BEGIN GIVEN DATA
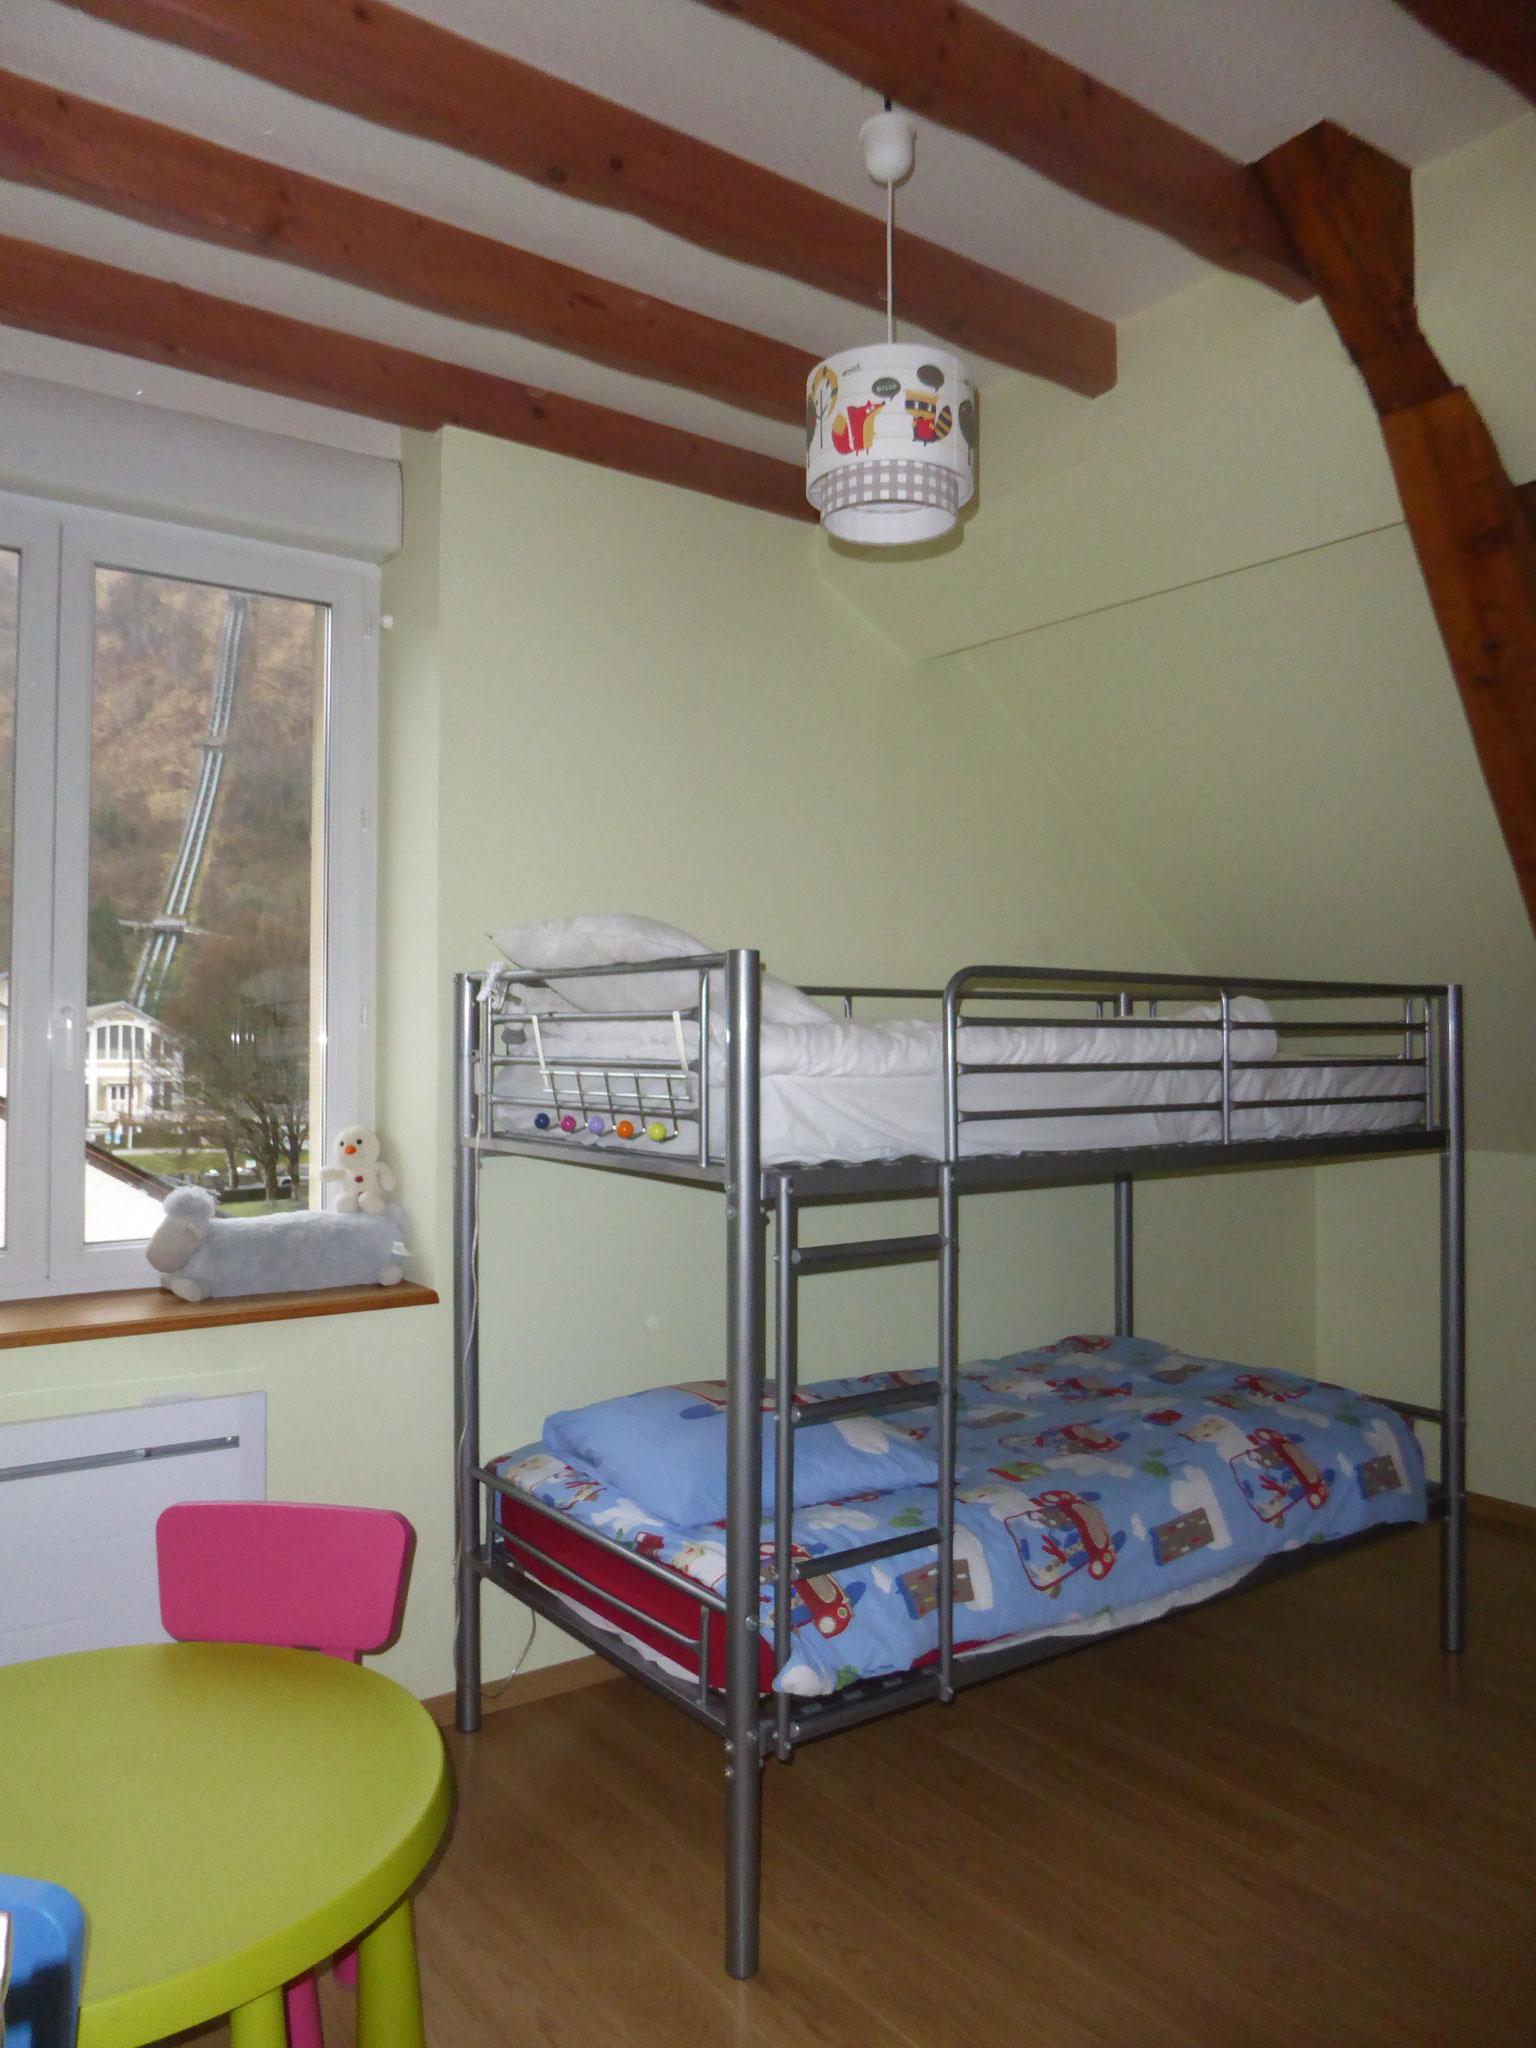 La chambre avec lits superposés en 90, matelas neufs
END GIVEN DATA
BEGIN GIVEN DATA
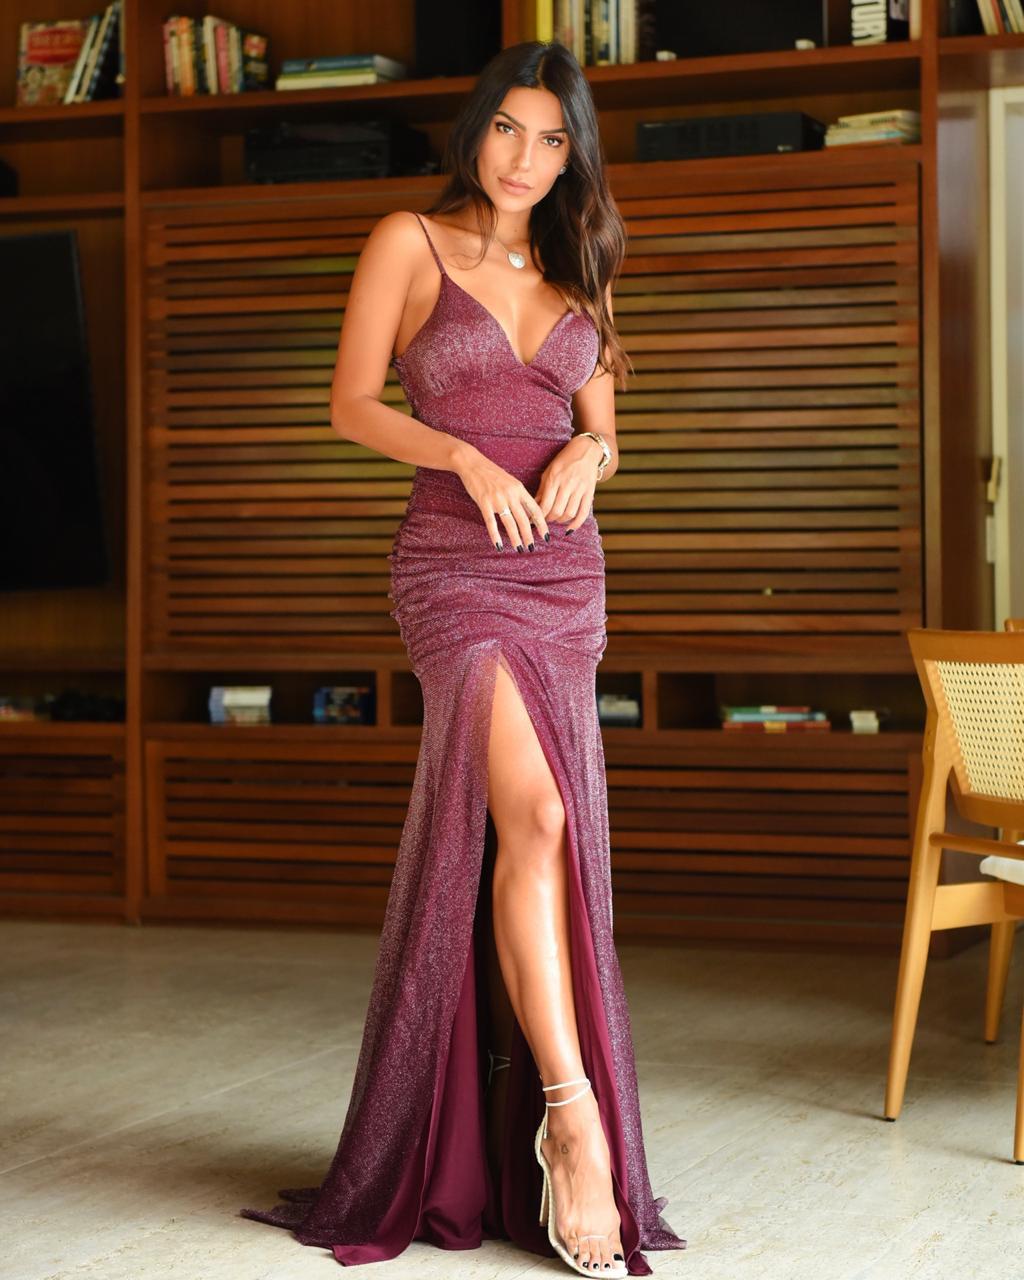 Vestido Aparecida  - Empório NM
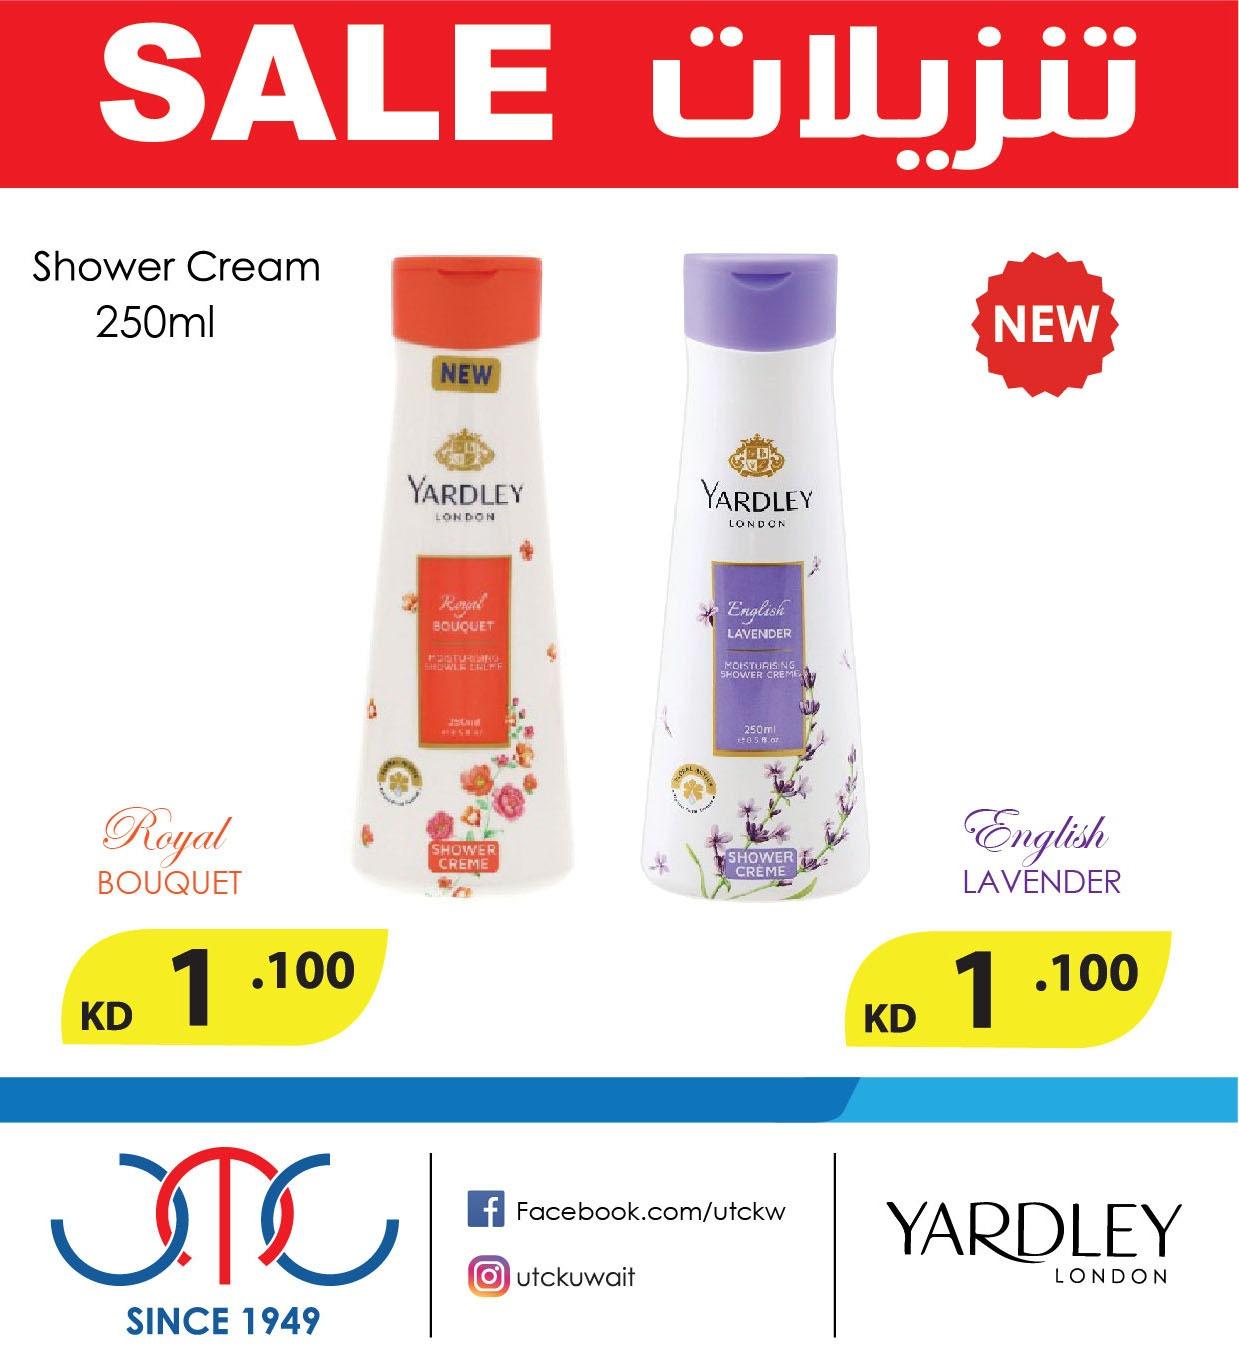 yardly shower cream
END GIVEN DATA
BEGIN GIVEN DATA
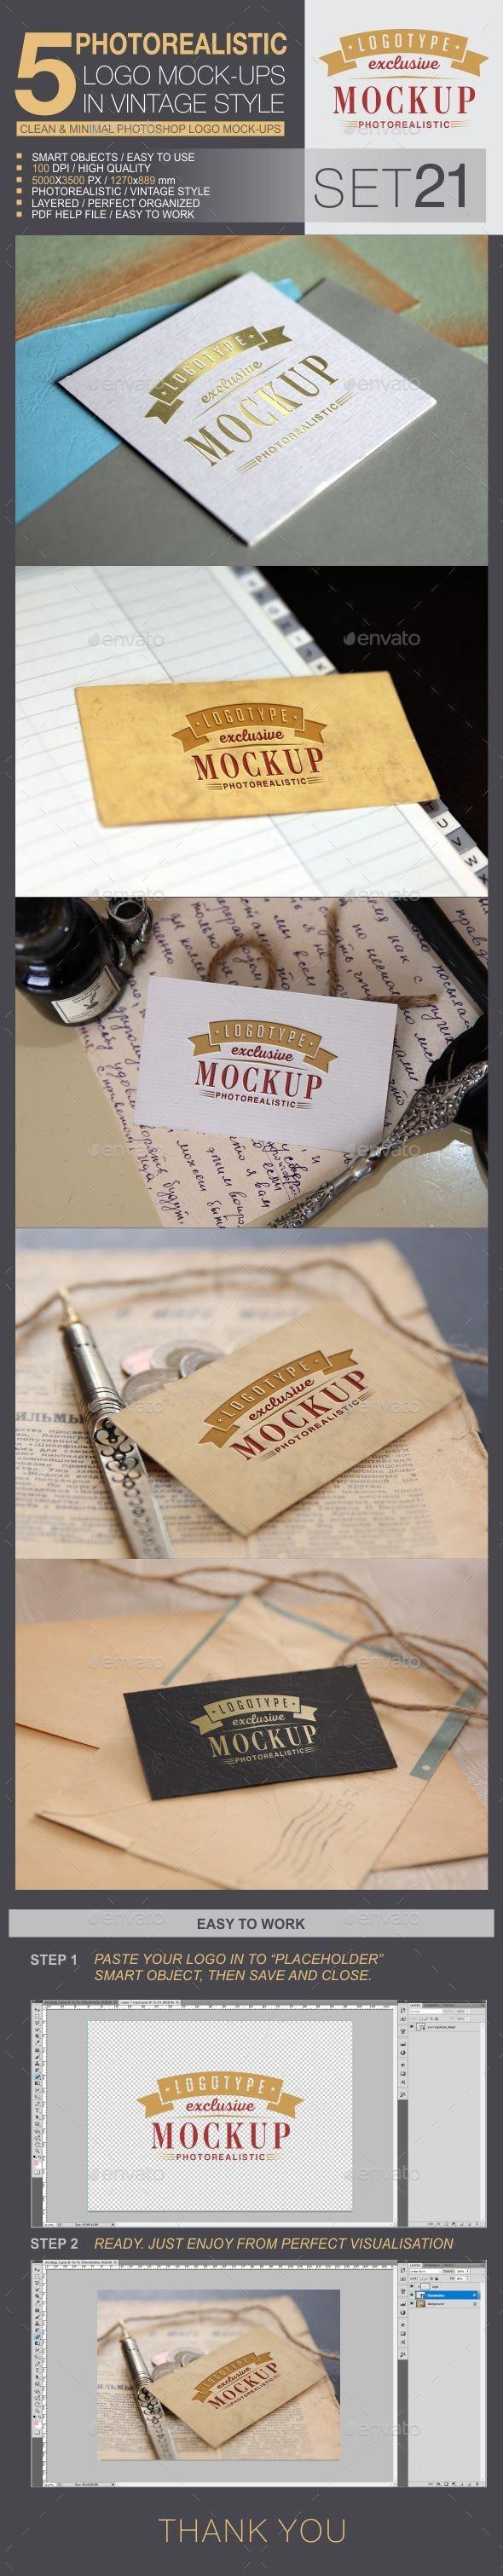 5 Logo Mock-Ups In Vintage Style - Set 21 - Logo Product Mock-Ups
END GIVEN DATA
__TASK__. Starting at the line above with "- Empório NM", output every line exactly up to and including the line with "yardly shower cream", but none of the pictures.

__SOLUTION TO THIS EXERCISE__.
 Vestido Aparecida  - Empório NM
 yardly shower cream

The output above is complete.